• WORK INSTRUCTION: The answer must be an exact printing of every record below, with the pictures omitted.

▼

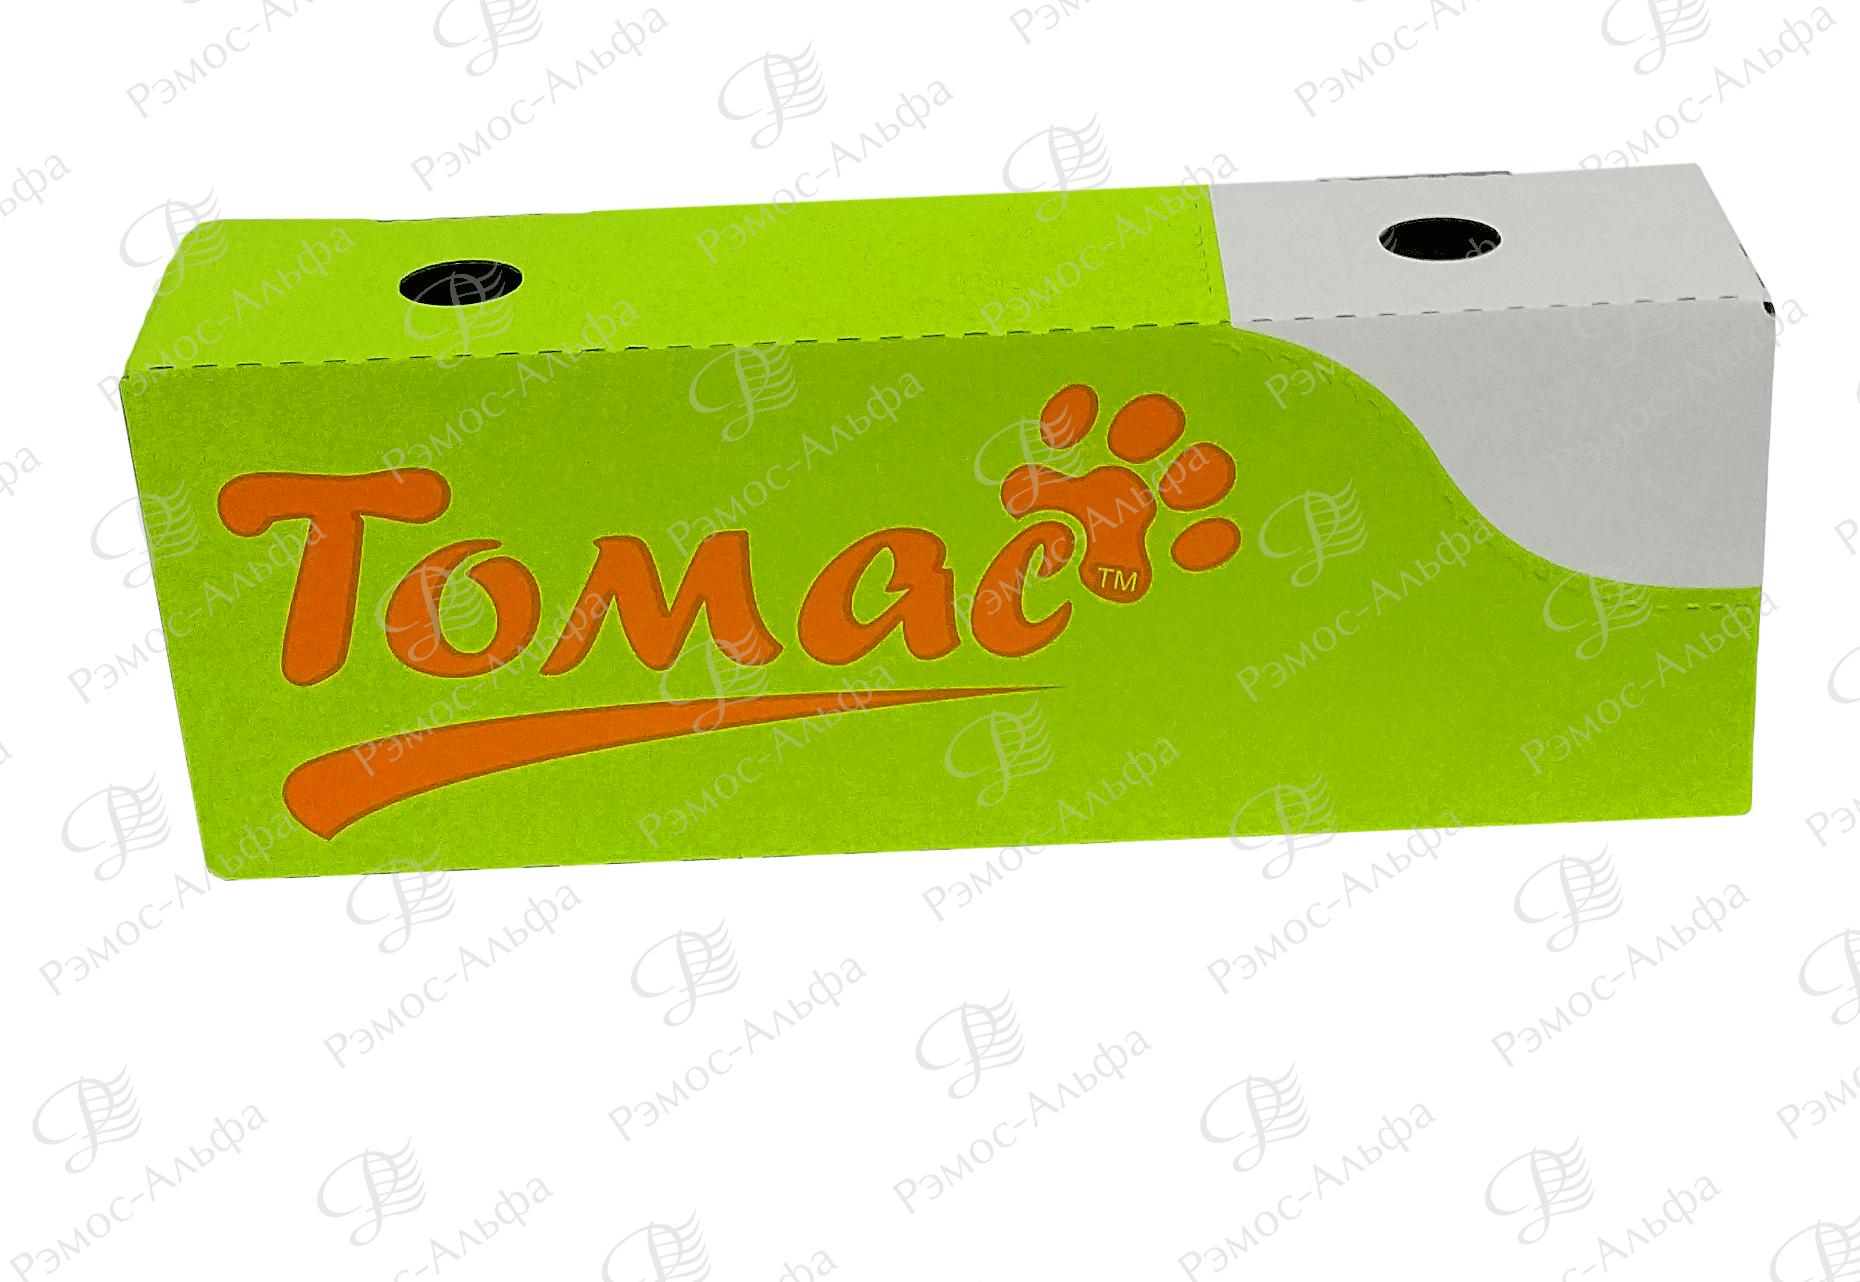 вз-Томас1.png
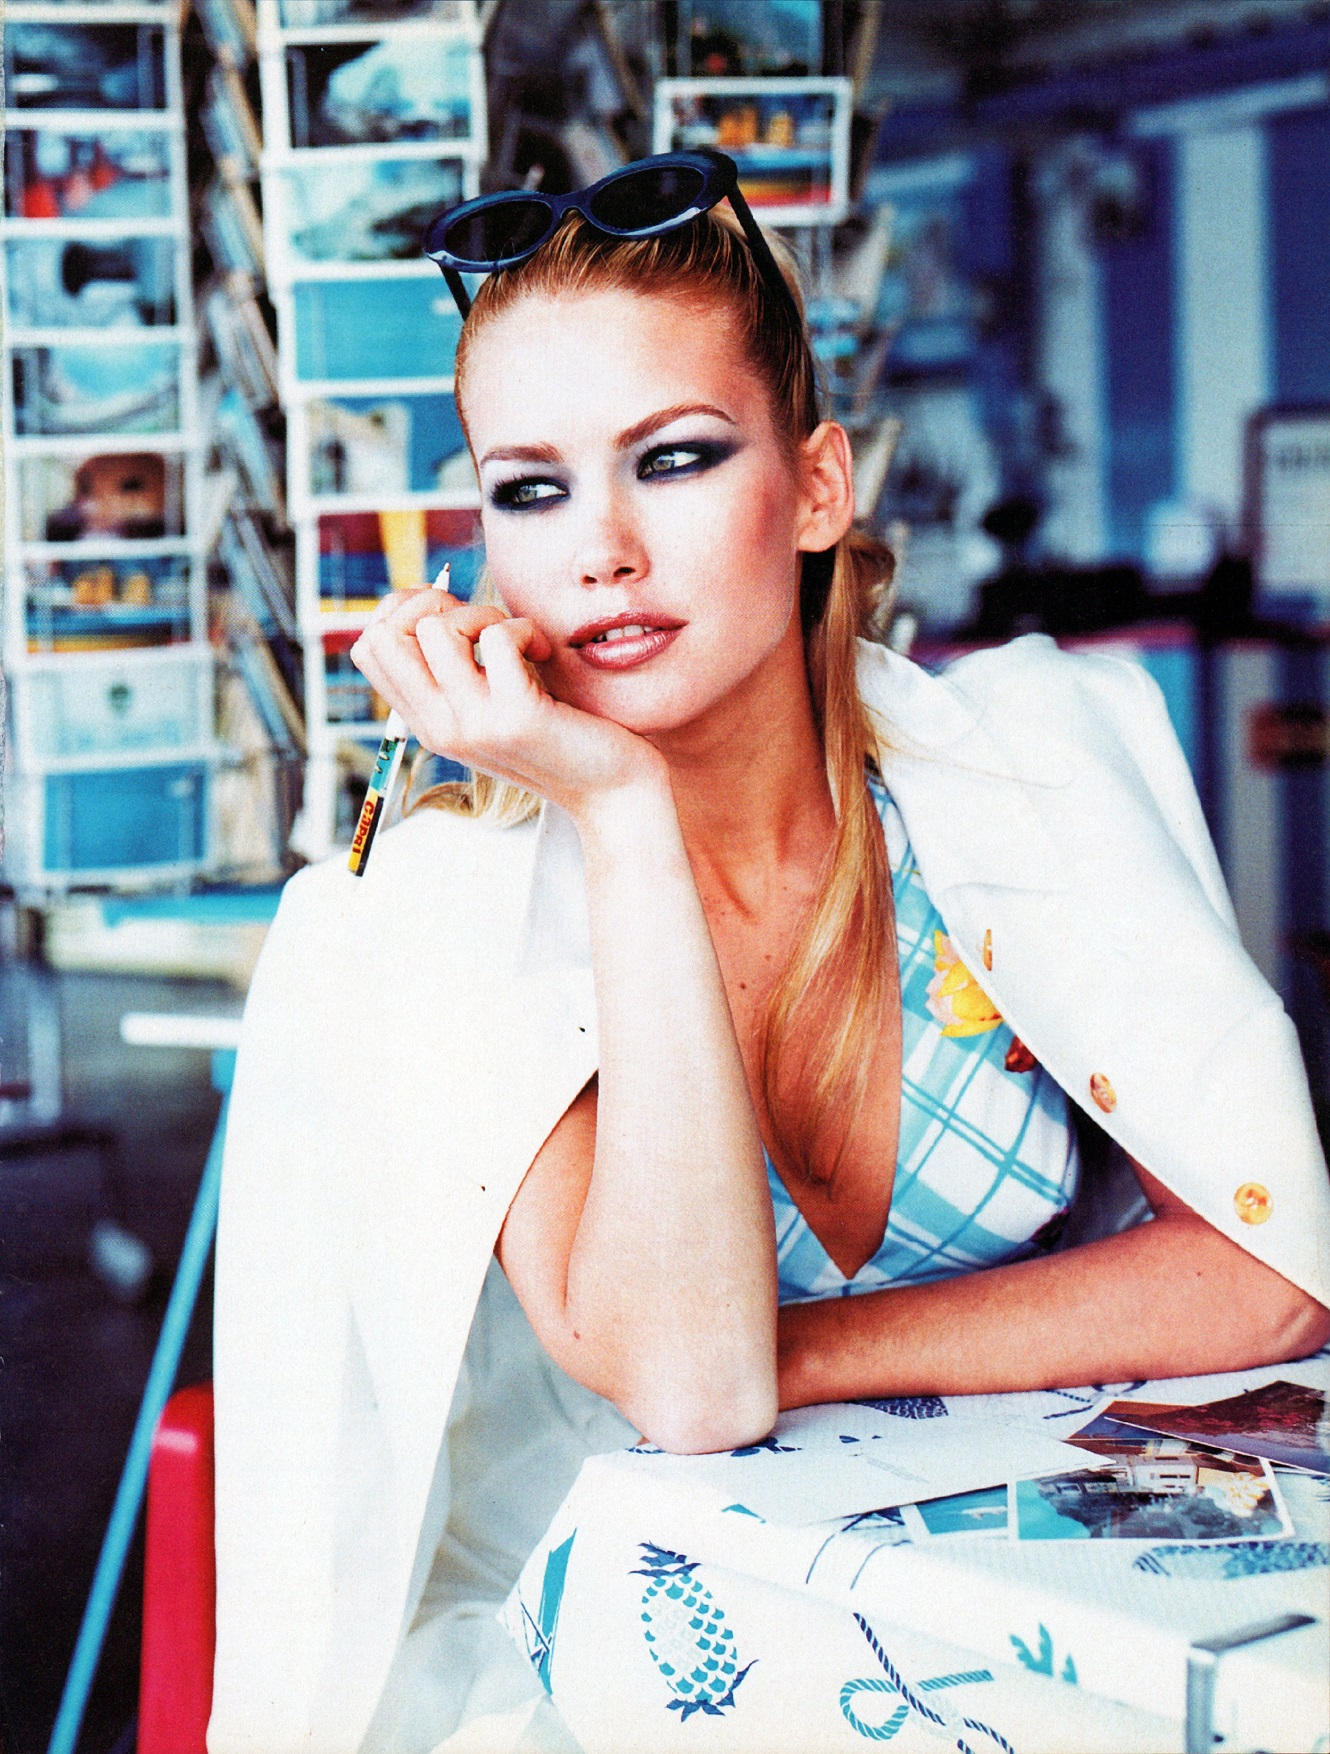 foto Valeria Mazza ARG 1 1998
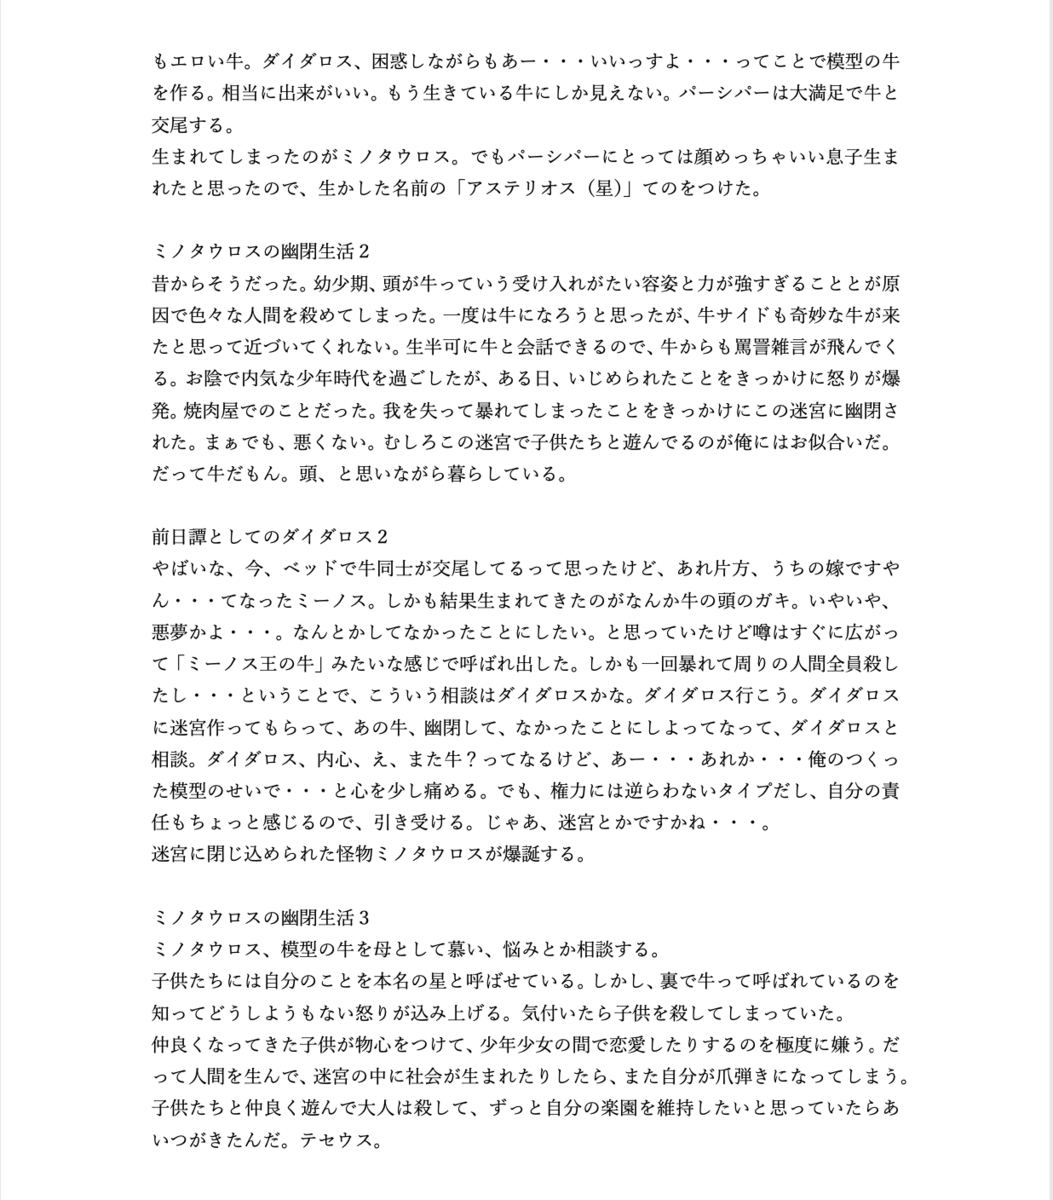 f:id:mawaruazarashi:20210308221527p:plain
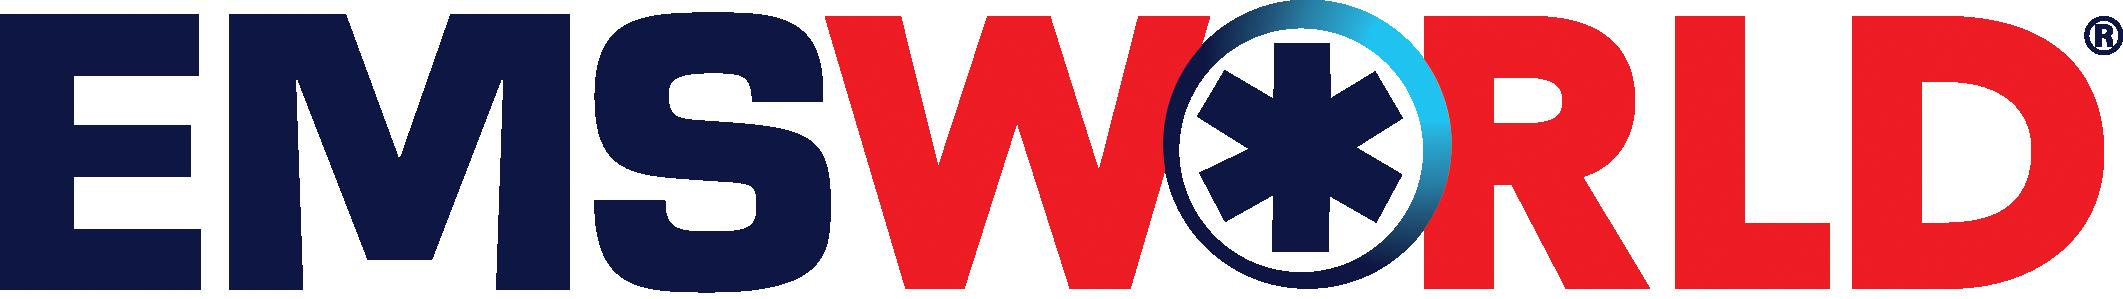 emsworld
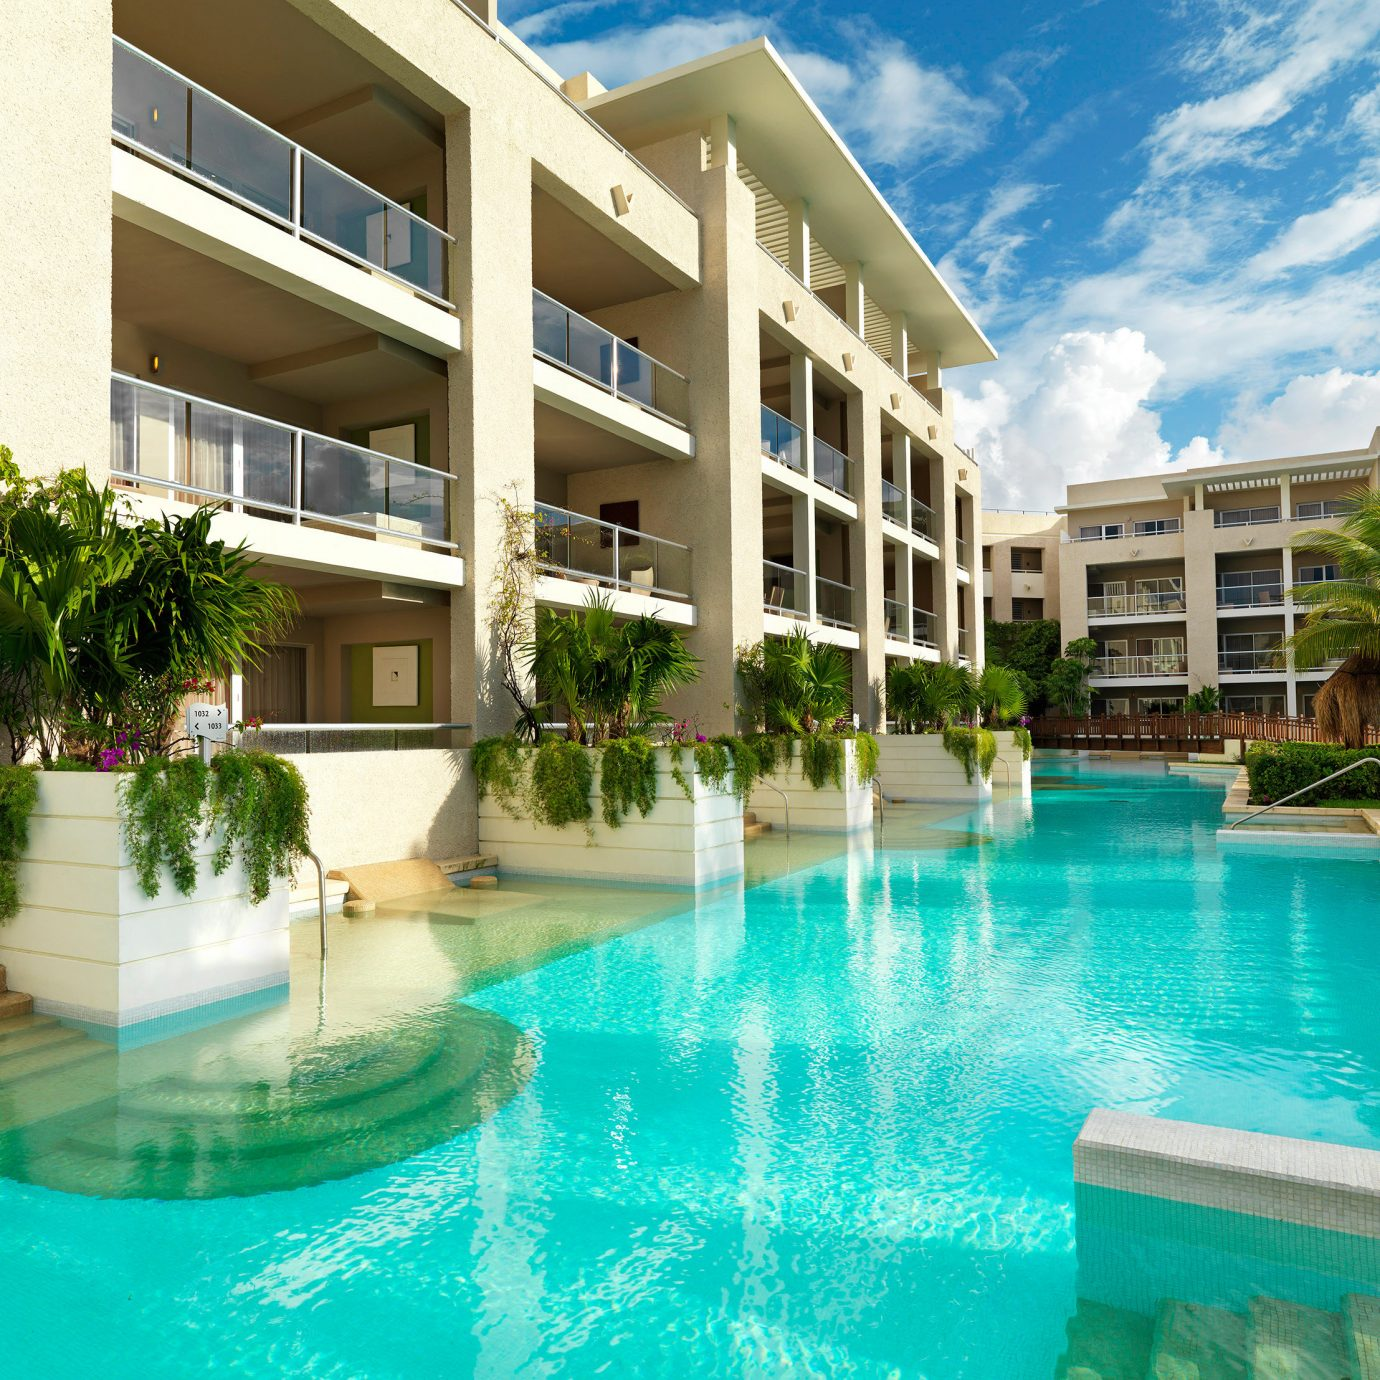 Hotels building condominium swimming pool Resort property leisure Pool leisure centre home blue resort town Villa mansion swimming

▲

• EXERCISE ANSWER:
 вз-Томас1.png
 foto Valeria Mazza ARG 1 1998
 f:id:mawaruazarashi:20210308221527p:plain
 emsworld
 Hotels building condominium swimming pool Resort property leisure Pool leisure centre home blue resort town Villa mansion swimming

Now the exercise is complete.